Diabetes manually is a complicated task. Hence, data

Diabetes Mellitus is a disease which is caused due to lack of insulin
production from pancreas or lack of cell response to the produced insulin.If
diabetes is not treated earlier, it may lead to severe complications. According
to recent report by Centres for disease control out of 30.3 million people,
23.1 million people have been diagnosed with either Type1 or Type2 diabetes.
Diagnosing Diabetes manually is a complicated task. Hence, data mining
techniques are used to predict prevalence of the disease.Data Mining plays a vital role in analysing the huge amount of data
and extracting valuable information from them. Thisinformationis converted into
useful knowledge which should be understandable in nature. Data mining include
different techniques such as Clustering, Classification, Prediction, Association,
Sequential patterns etc. Clustering is the process of grouping the data with similarfeatures.
Hence the data within a cluster is similar and dissimilar to the data in
another cluster. Classification is used to analyse a new set of data and predict
the group to which the data is belonging. The purpose of prediction is to
identify the relationship between dependent and independent variables.
Sequential pattern analysis is used to uncover similar patterns that existing
in a transaction over a period. Those patterns are useful in business decision making.
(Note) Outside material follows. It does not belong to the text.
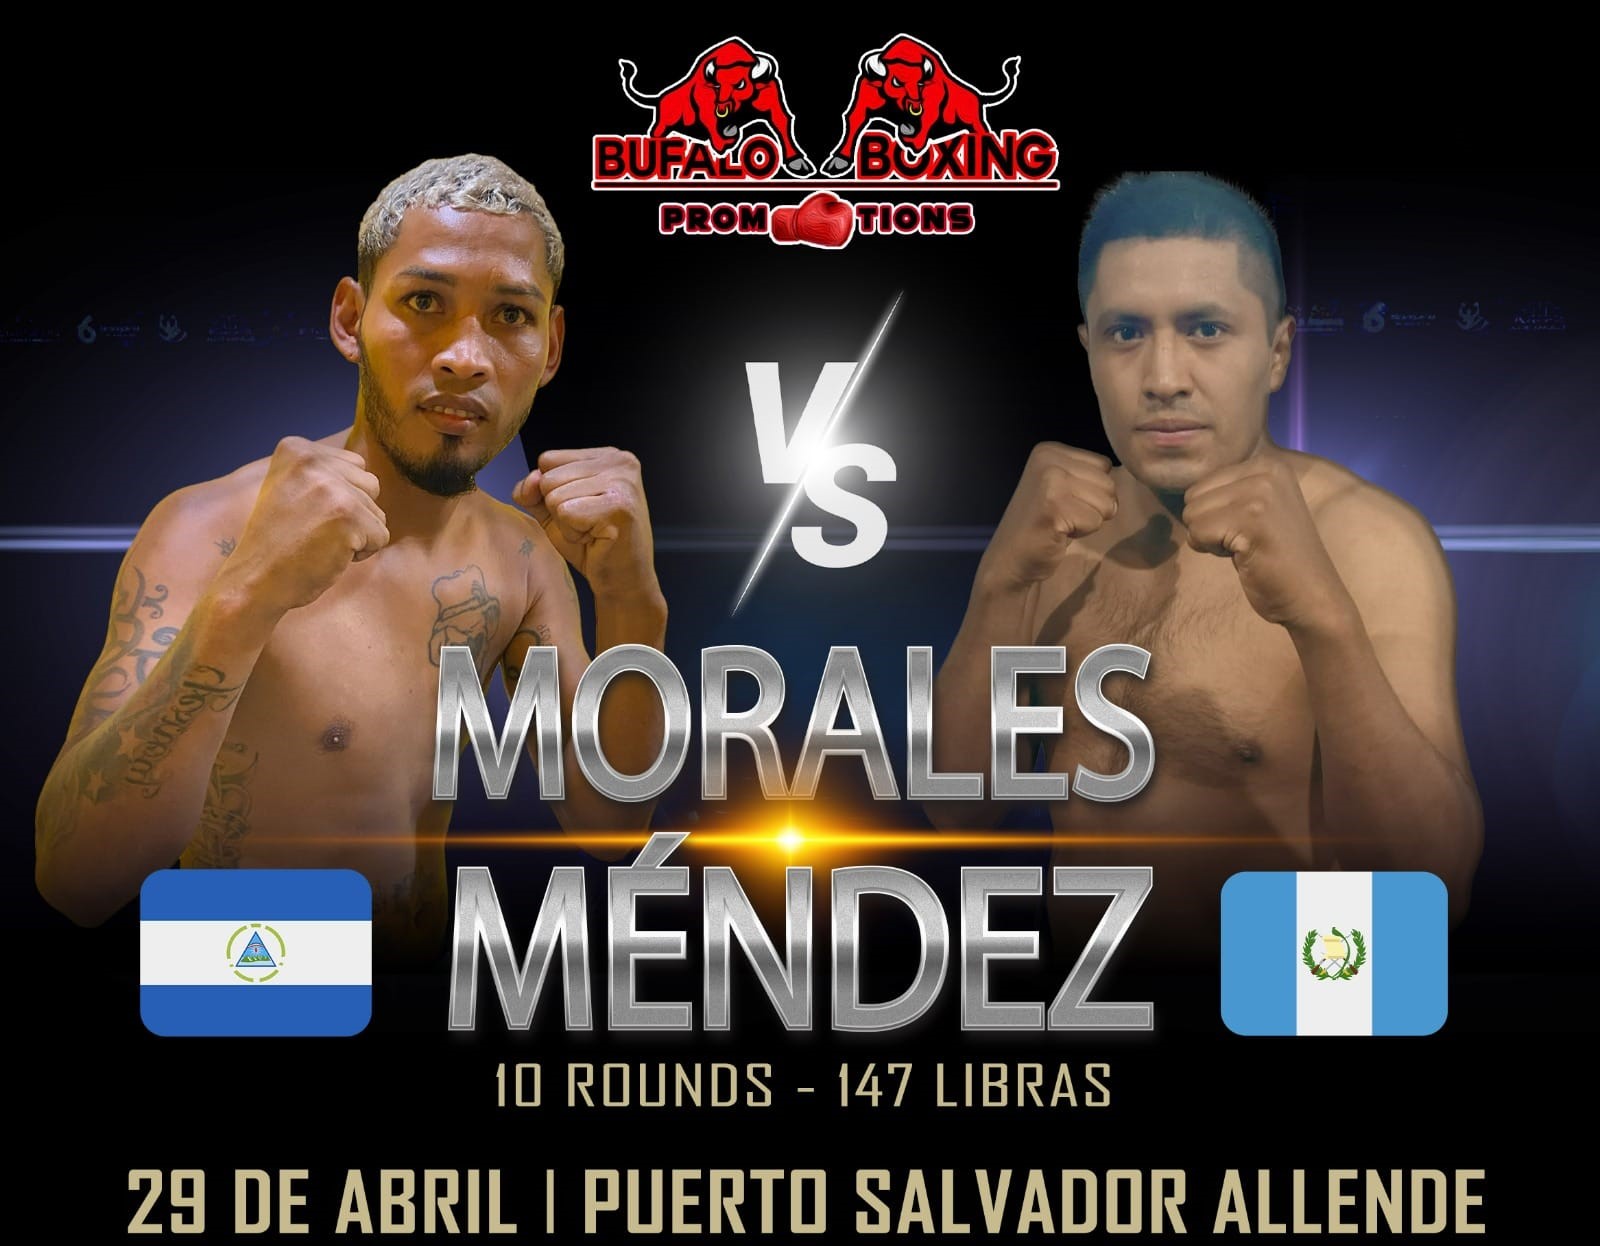 Fin de semana de boxeo en el Puerto Salvador Allende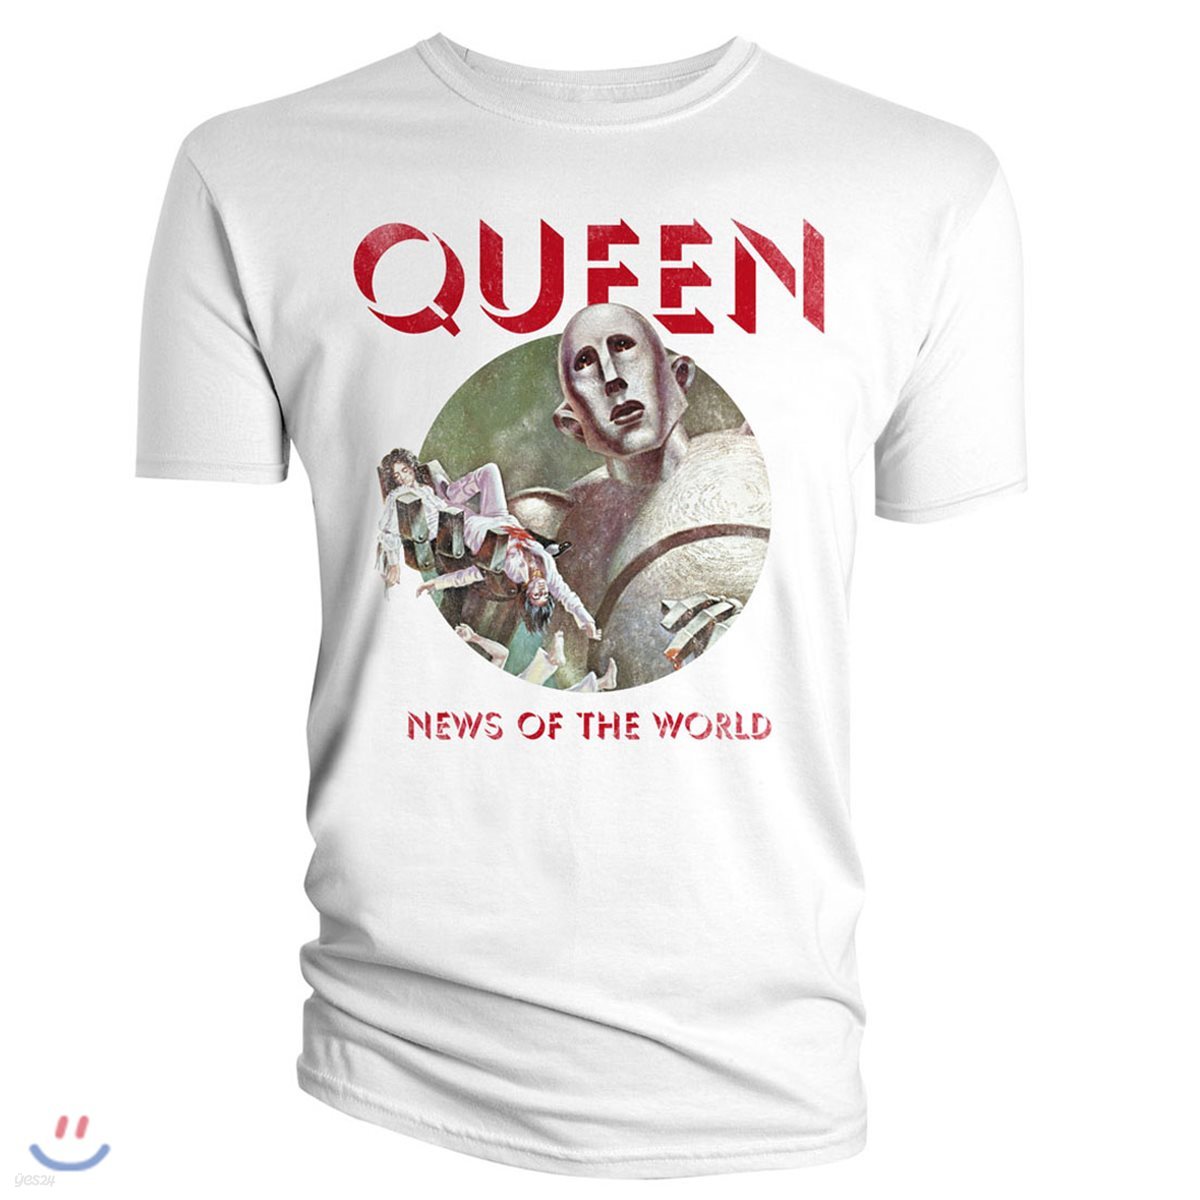 퀸 브라바도 News Of The World 티셔츠 [L사이즈] (Queen T-Shirt News Of The World)

The Association rule
mining is used to discover set of rules from the frequently occurring factors
in a transaction. Association Rules generated from diabetes risk factor also
provide justifications, which may serve as a guide for diabetes care .Data
mining is used in various domain such as healthcare, Bioinformatics,Finance,
Business in order to improve the performance in future, reduce the cost,
enhance the efficiency and accuracy.2
KDD PROCESS             KnowledgeDiscovery from Database in shortly known as KDD. The main
objective of KDD process is to explore useful knowledge from large databases
and predict the interesting patterns among them. KDD is an iterative process in
which the following steps are repeated until an interesting, understandable pattern
is obtained.

Fig 2.1.1 Steps involved in KDDThe steps involved in KDD process are as
follows,Initially develop an understanding on the
domain and create/select a dataset. Later follow the steps given below, v  Data
Pre-processing and Cleansing- the noise data, missing data and outliers are handled in this step..v  Data
integration- where various
data sources are combined.v  Data
Selection- Gleaning the data from
the database, that are relevant to the analysis taskv  Data
transformation- Obtained
data are transformed into forms suitable for mining by performing different summery
or aggregation operations.v  Data
mining- Where the effective
methods are applied, to extract data patterns. v  Pattern
evolution- to identify the
truly interesting patterns representing knowledge based on some interestingness
measures. v  Knowledge
presentation- The
extracted knowledge are visualised by users using this knowledge representation
technique.2.2 MACHINE LEARNINGMachine learning is a kind of artificial intelligence,
which enables software to predict the accurate outcomes based on the relations
learnt from previous datasets. Machine learning used to generate algorithm to
receive inputs and perform statistical analysis on the input to predict the output.
ML algorithms are classified into three categories namely supervised learning,
unsupervised learning and reinforcementlearning.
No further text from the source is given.